Phylogenetic distribution and expression of amelogenin genes in vertebrates

• Project/Area Number: 07671993
• Research Category: Grant-in-Aid for Scientific Research (C)
• Allocation Type: Single-year Grants
• Section: 一般
• Research Field: Morphological basic dentistry
• Research Institution: The Nippon Dental University
• Principal Investigator: ISHIYAMA Mikio The Nippon Dental University School of Dentistry at Niigata, Department of Histology, Instructor, 新潟歯学部, 講師 (70120607)

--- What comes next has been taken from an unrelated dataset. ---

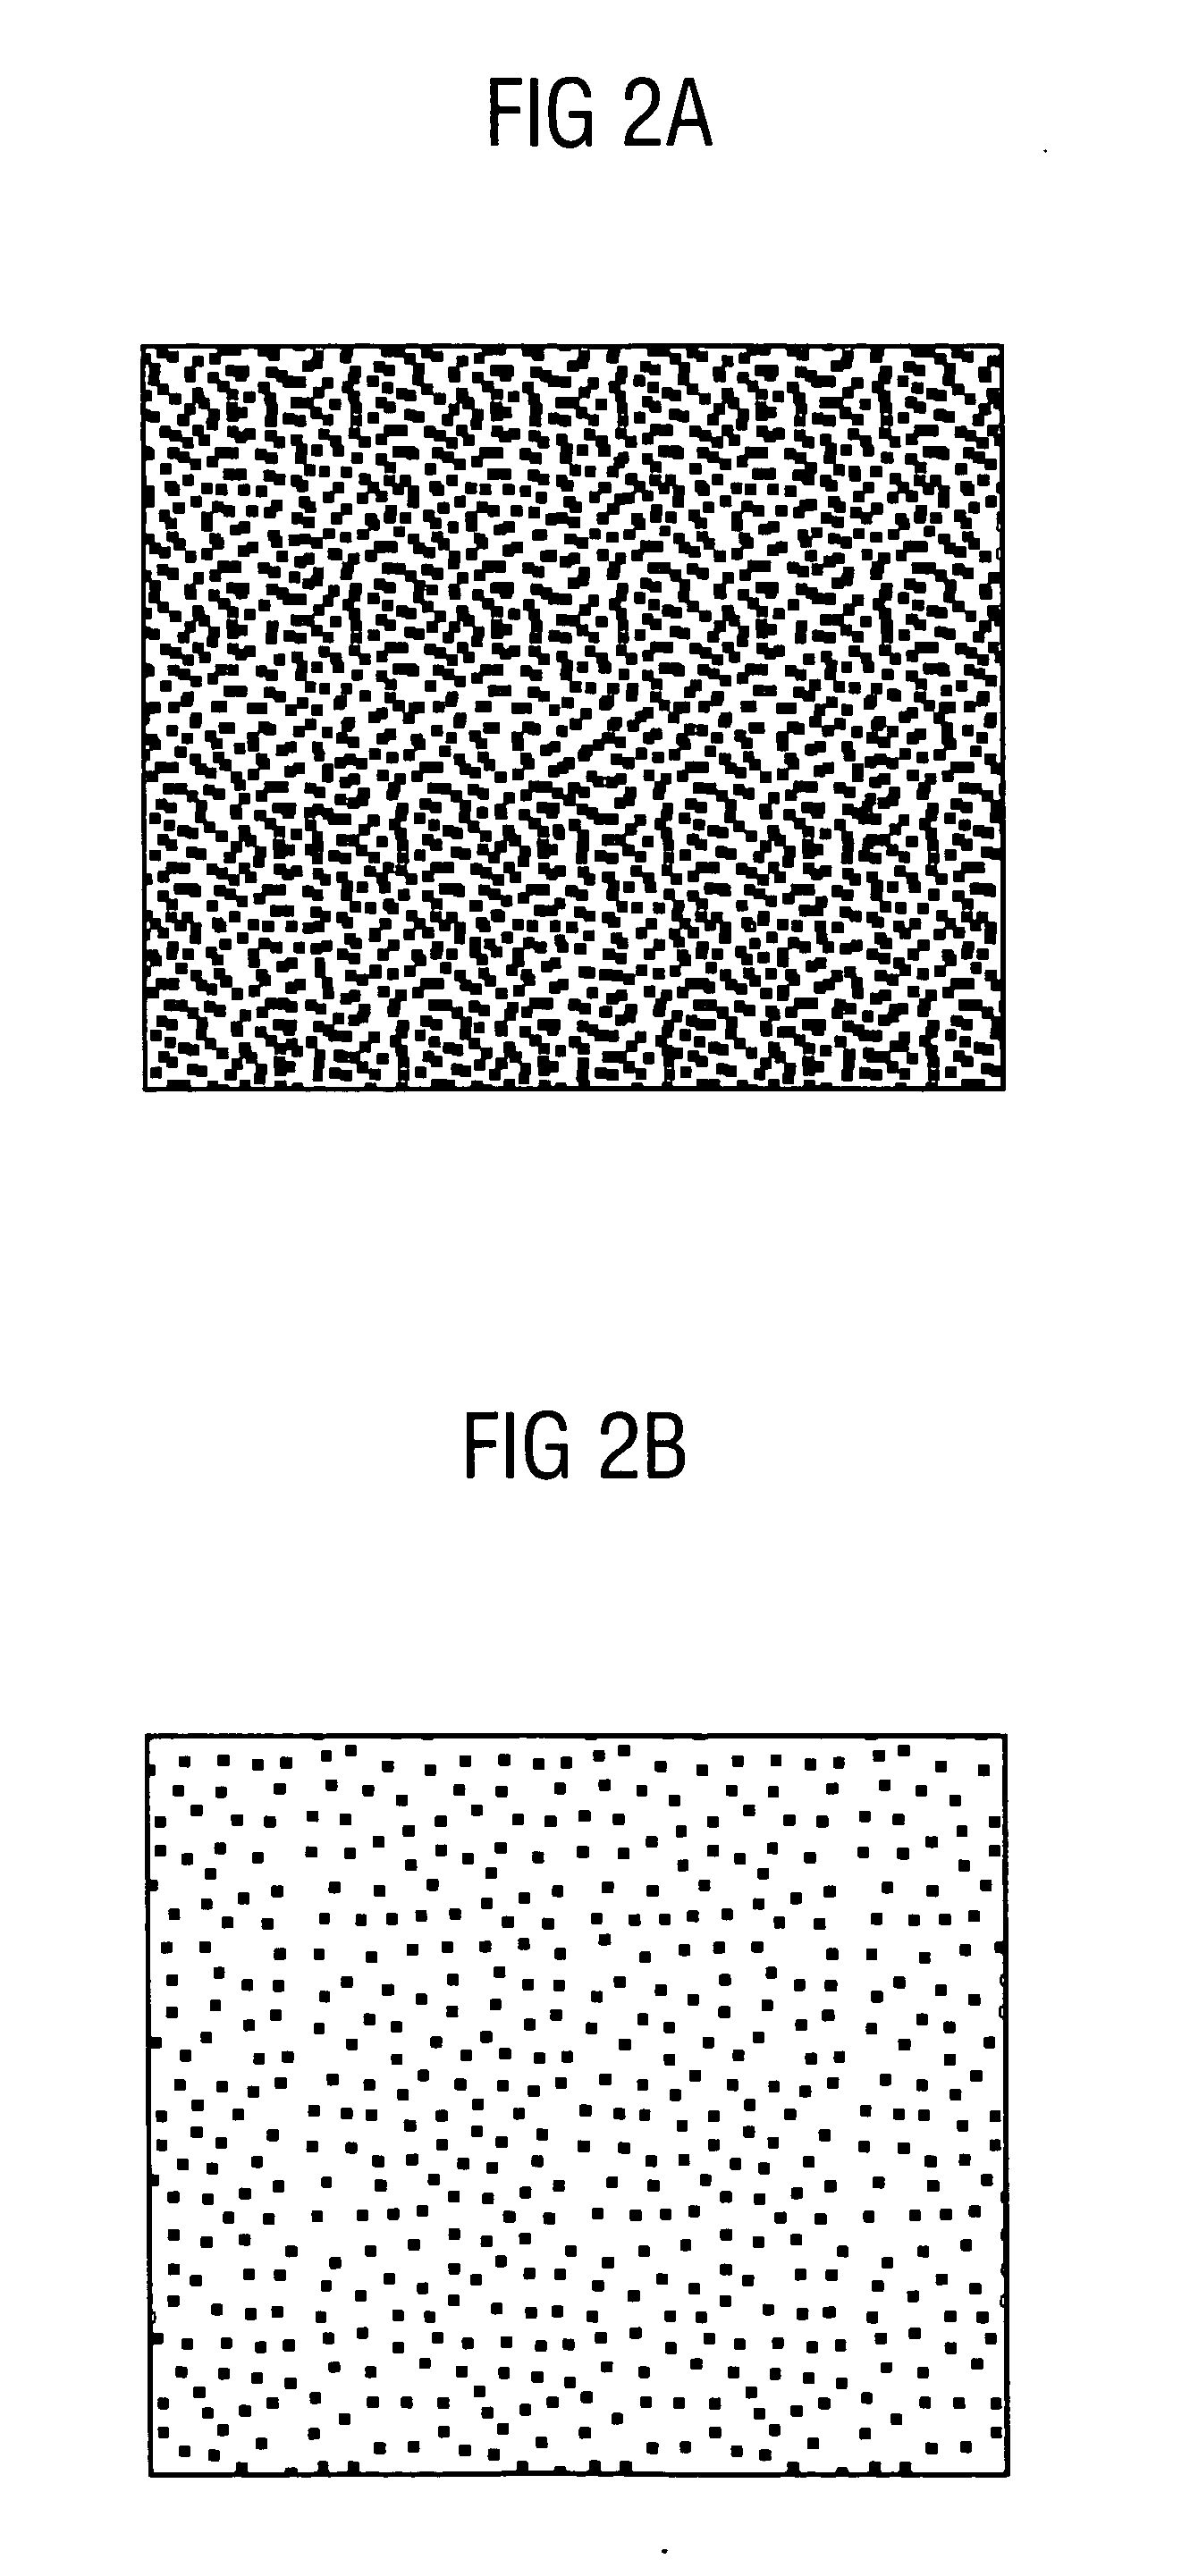 Non-volatile, resistive memory cell based on metal oxide nanoparticles, process for manufacturing the same and memory cell arrangement of the same

• Project Period (FY): 1995 – 1996
• Project Status: Completed (Fiscal Year 1996)
• Budget Amount: ¥900,000 (Direct Cost: ¥900,000); Fiscal Year 1996: ¥400,000 (Direct Cost: ¥400,000); Fiscal Year 1995: ¥500,000 (Direct Cost: ¥500,000)

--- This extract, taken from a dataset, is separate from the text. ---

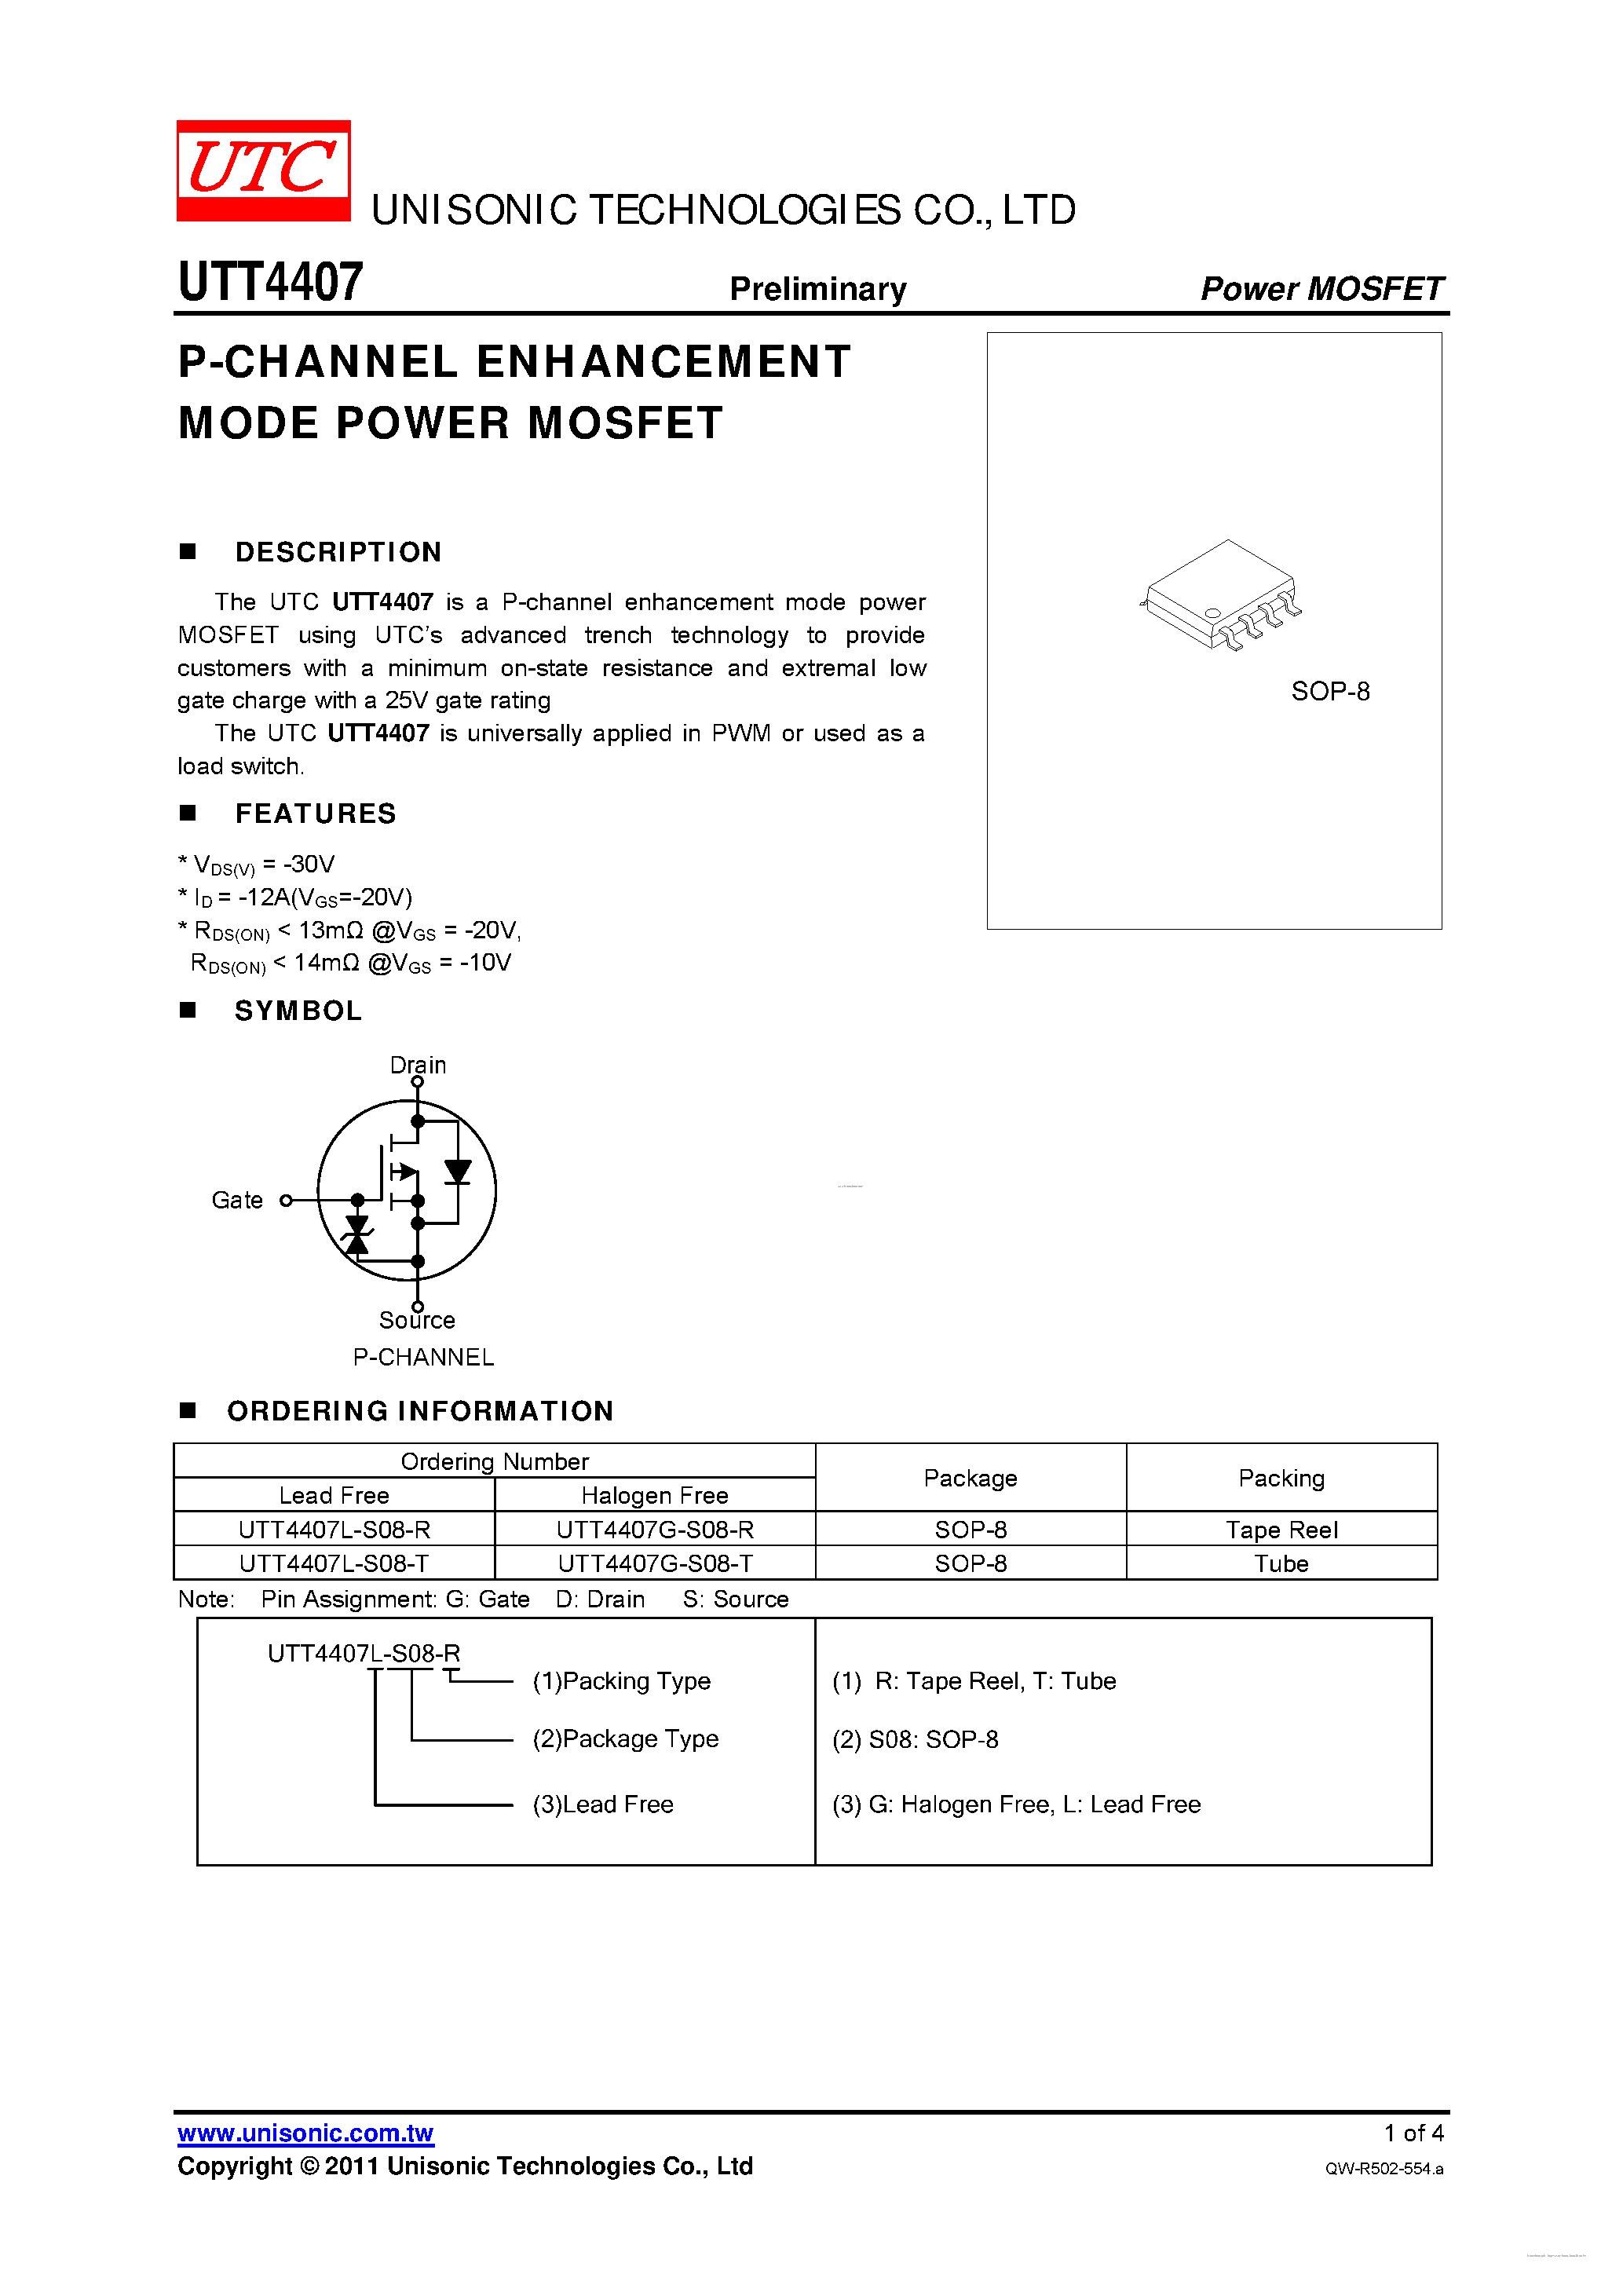 Datasheet UTT4407 - P-CHANNEL POWER MOSFET page 1

• Keywords: amelogenin / gene structure / DNA / Southern hybridyzation / PCR / phylogeny / エナメル蛋白 / エナメル質進化 / サザンハイブリダイゼーション / 遺伝子発現 / in situハイブリダイゼーション

Research Abstract

In order to understand the phylogenetic distribution and expression of amelogenin genes in vertebrates, Southern hybridyzation, in situ hybridyzation and PCR amplification were performed in thirteen vertebrate species selected from seven taxonomic classes. The species used in this study were as follows ; the human, mouse (Mammalia), chicken (Aves), caiman, tortoise, snake (Reptilia), frog (Amphibia), gar-pike, lungfish, eel (Osteichthyes), dogfish (Chondrichthyes) and hagfish, lamprey (Agnatha). The Southern hybridyzation assay revealed that the hybridyzation with the human cDNA non-radioactive probes was obtained in the genomic DNA of all the species used. This demonstrates partial DNA sequence similarities between these species, and may indicates the universal distribution of the amelogenin gene or amelogenin gene-like sequences in vertebrates. Then, the gar-pike was selected and was examined by in situ hybridyzation by using human cDNA non-radioactive probes, because of it's signifi cance for the phylogenetical location on the enamel evolutions as revealed by fine-structural and immunocytochemical analyzes. Although the hybridyzation was detected with the human cDNA probes by Southern hybridyzation, the signals of mRNA was not detected in the tooth germs of the gar-pike. Furthermore, in the PCR amplification targeted to the homologous sequences with the exon 6 of human amelogenin gene, the products were obtained in the genomic DNA of the human (400bp), mouse (400bp), chicken (780bp), caiman (400bp), tortoise (750bp) and snake (750bp). However no products were obtained in frogs, fishes and cyclostomes. After performing the sequencing of products in the chicken, caiman, tortoise and snake, the DNA sequences of the caiman only corresponded with the exon 6 of human amelogenin gene by 48.5%. A lower but slight homology were recognized in the products of the chicken, tortoiose and snake. Consequently, the present study demonstrates that the amelogenin gene of amelogenin gene-like sequences may be conserved universally in vertebrates.